The tool keeps a human in the loop for safety, Google said.
“For example, Project Mariner can only type, scroll or click in the active tab on your browser and it asks users for final confirmation before taking certain sensitive actions, like purchasing something.”
While Mariner remains in early stages, it’s being tested via an experimental Chrome extension, and Google said it was beginning to discuss the tool with the wider web ecosystem, but no release date was announced.
Developers to get a boost
Google also showed off another AI agent dubbed Jules, designed specifically for coding that fits into a GitHub workflow.
“It can tackle an issue, develop a plan and execute it, all under a developer’s direction and supervision,” the blog post noted. “This effort is part of our long-term goal of building AI agents that are helpful in all domains, including coding.”
Like Mariner, Google also described Jules as an “ongoing experiment”, and noted it “may make mistakes.”
In a post on the developer blog, the firm said it would be possible to offload Python and JavaScript coding tasks to the agent, letting human developers focus on bigger problems.
“Jules creates comprehensive, multi-step plans to address issues, efficiently modifies multiple files, and even prepares pull requests to land fixes directly back into GitHub,” the post said.
So far, Jules is only available to Google’s “trusted testers”, but it plans to open access for other interested developers in early 2025.
Other AI agents
Google’s announcements follow similar news about agents from its rival AI developers.

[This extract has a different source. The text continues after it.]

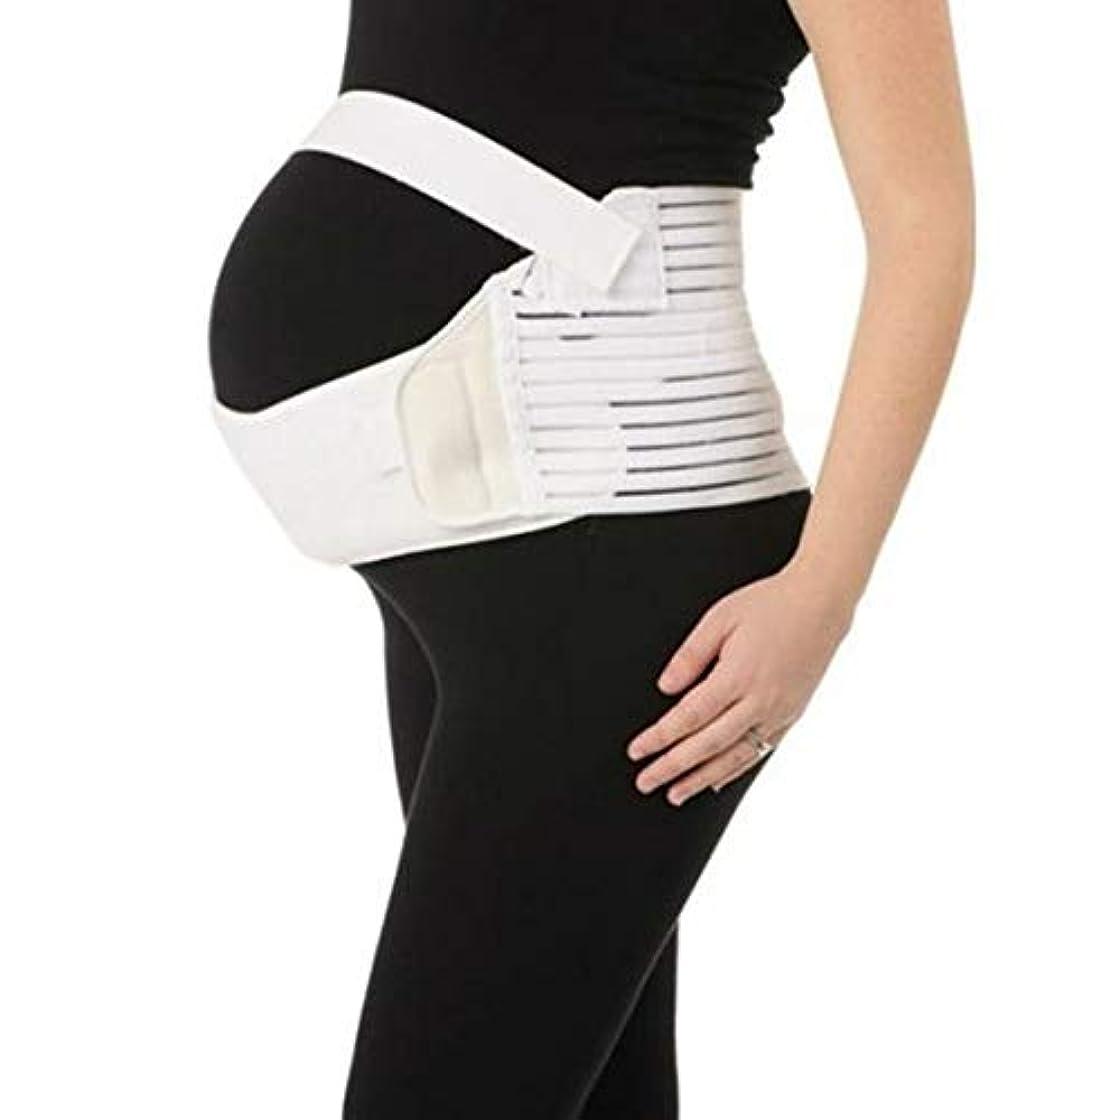 パンダ見つける取得通気性マタニティベルト妊娠腹部サポート腹部バインダーガードル運動包帯産後回復形状ウェア - ホワイトXL

In September, Salesforce unveiled its customizable AI called Agentforce, while Anthropic in October showed off an early version of an agent with its Claude 3.5 model — though the company admitted its “computer use” functions were experimental and “at times cumbersome and error-prone”.
Microsoft also unveiled new agents for Copilot in October, aiming to automate tasks like triaging email and managing expenses.
“Agents are very focused on augmenting business processes and workflows, teams and departments,” Charles Lamanna, CVP for Business & Industry Copilot at Microsoft, said at the time.
“They’re able to work on behalf of a system as opposed to a person, work asynchronously, or even autonomously to complete tasks.”
In November, reports suggested OpenAI would reveal its own AI agent early next year, with CEO Sam Altman saying at a developer conference that 2025 is the year “agents will work”.